Rotstein wanted to make Xueta Island in order to “really get to know what a lot of our protagonists were thinking, where they came from, where they want to go,” he explained in a post-screening discussion at the Miami Jewish Film Festival last month.

He seems to be having some degree of success. Rotstein now plays a leading role in the revival of Jewish culture, religion and community on the island. “I want to raise my son in a Jewish environment with Jewish friends here in Majorca,” he says, “But we need to create that.” Rotstein and his wife are the founders of Limud Mallorca, which hosts Jewish educational events (“Limud” is the Spanish way of spelling the English “Limmud”). He is a secretary of the Jewish Community of the Balearic Islands and established Jewish Majorca, an educational company offering tours to Jewish heritage sites around the island. He also helps run Palma synagogue’s open house, where anyone can learn about the history of Jewish life on Majorca. Rotstein and his wife host Shabbat dinners, including among their guests Xuetas in the process of conversion.   

Last June, Rav Nissan Ben-Avraham (Nicolau Aguiló), who was born in Palma, was hired as a part-time minister to the island’s Jews.
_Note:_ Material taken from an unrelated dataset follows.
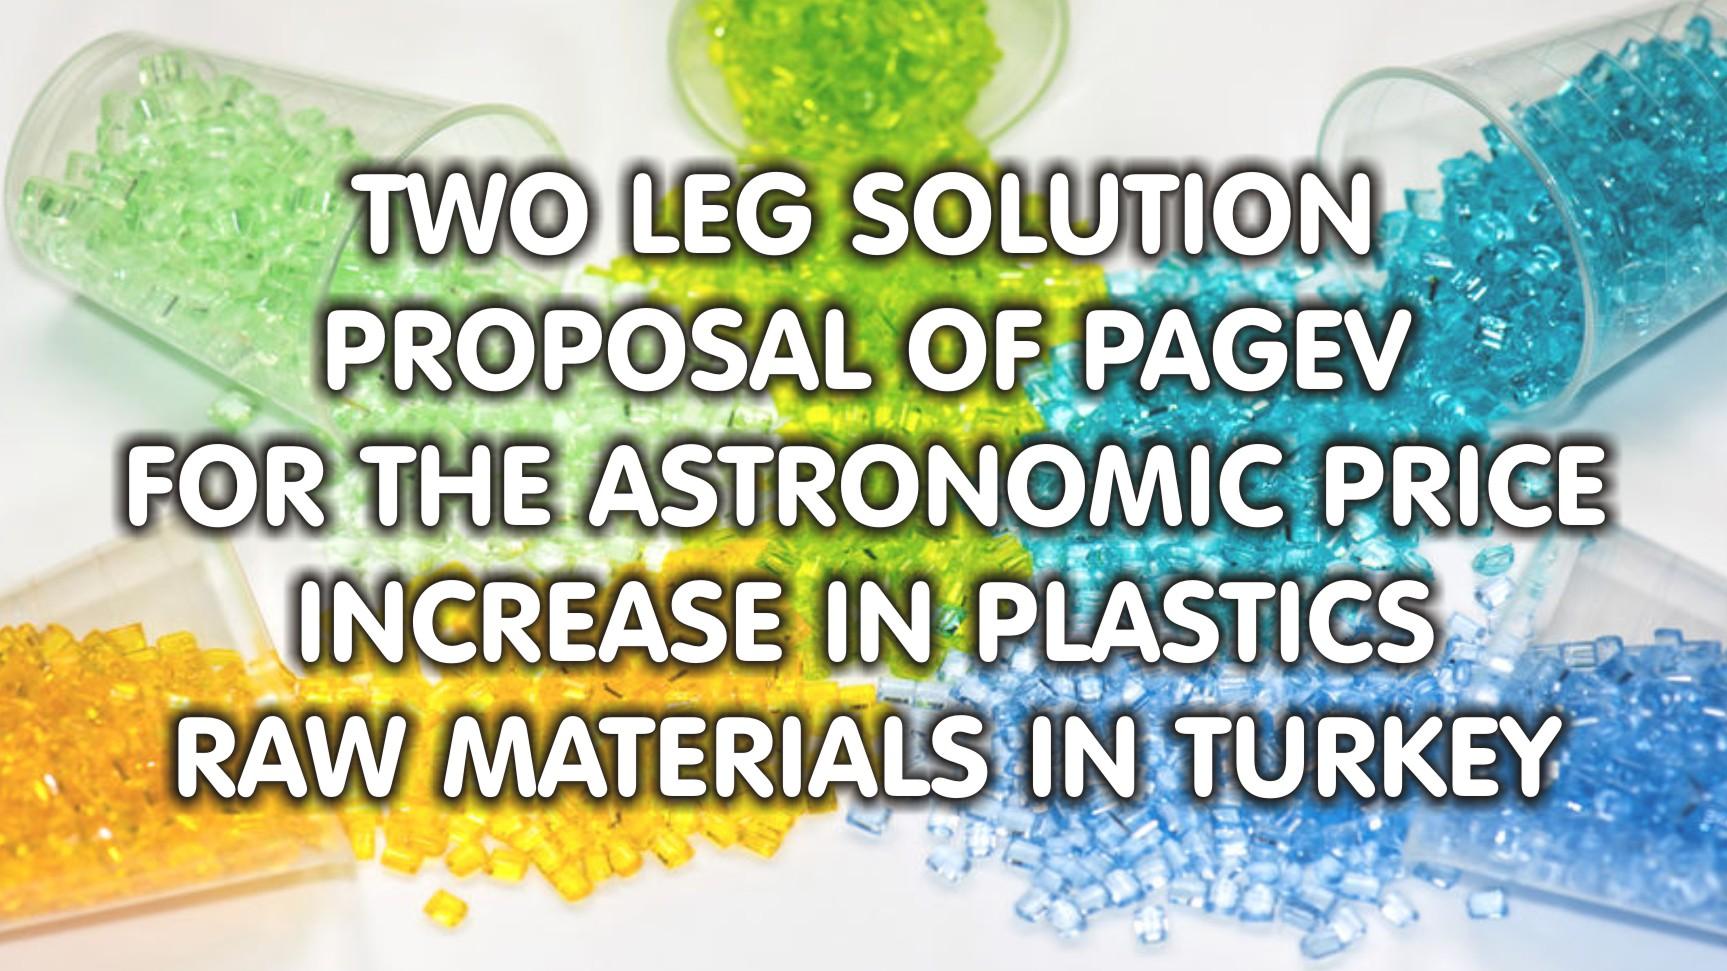 TWO LEG SOLUTION PROPOSAL OF PAGEV FOR THE ASTRONOMIC PRICE INCREASE IN PLASTICS RAW MATERIALS IN TURKEY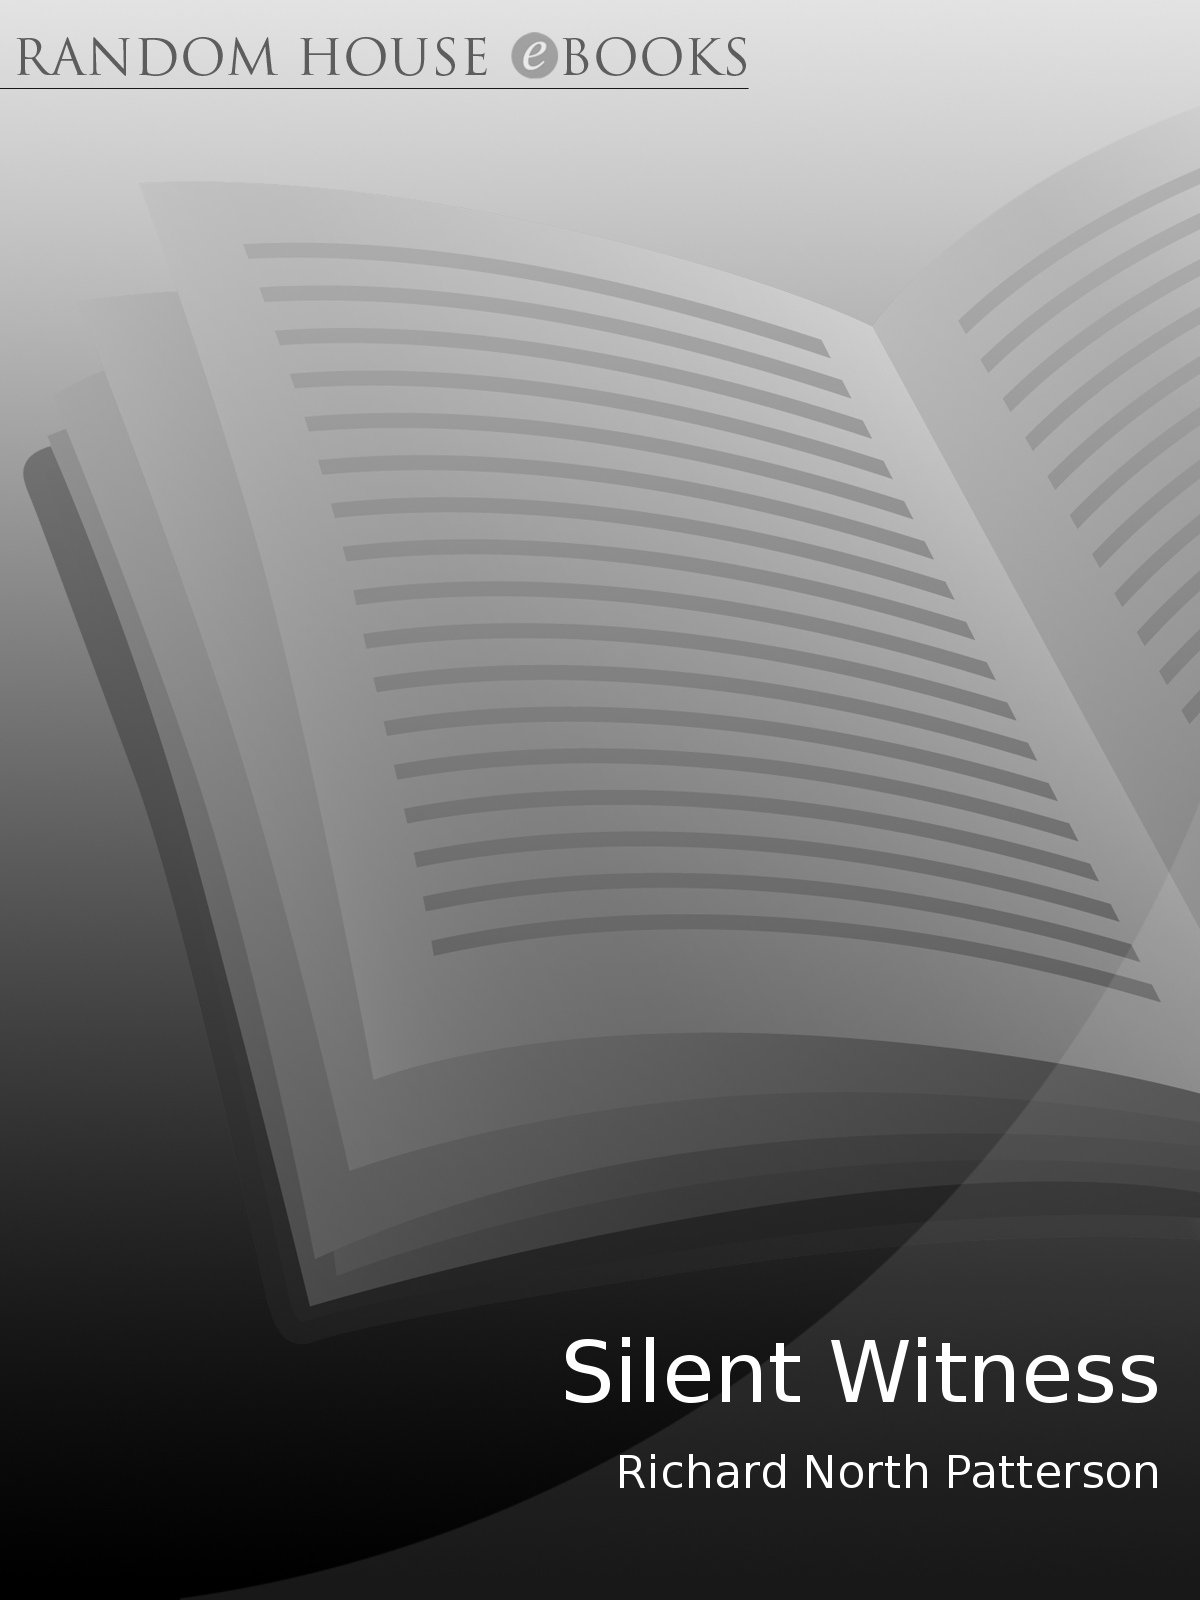 Silent Witness (1998) by Richard North Patterson

Under the auspices of Israel’s Chief Rabbinate he had formally converted to Judaism in 1978; he received rabbinical ordination in 1991. There are only two rabbis in the world of Xueta descent, and Ben-Avraham’s appointment makes him the community’s first rabbi born in Majorca since the Inquisition.

Xueta Island is part of the Atlanta Jewish Film Festival, February 16-27, 2022.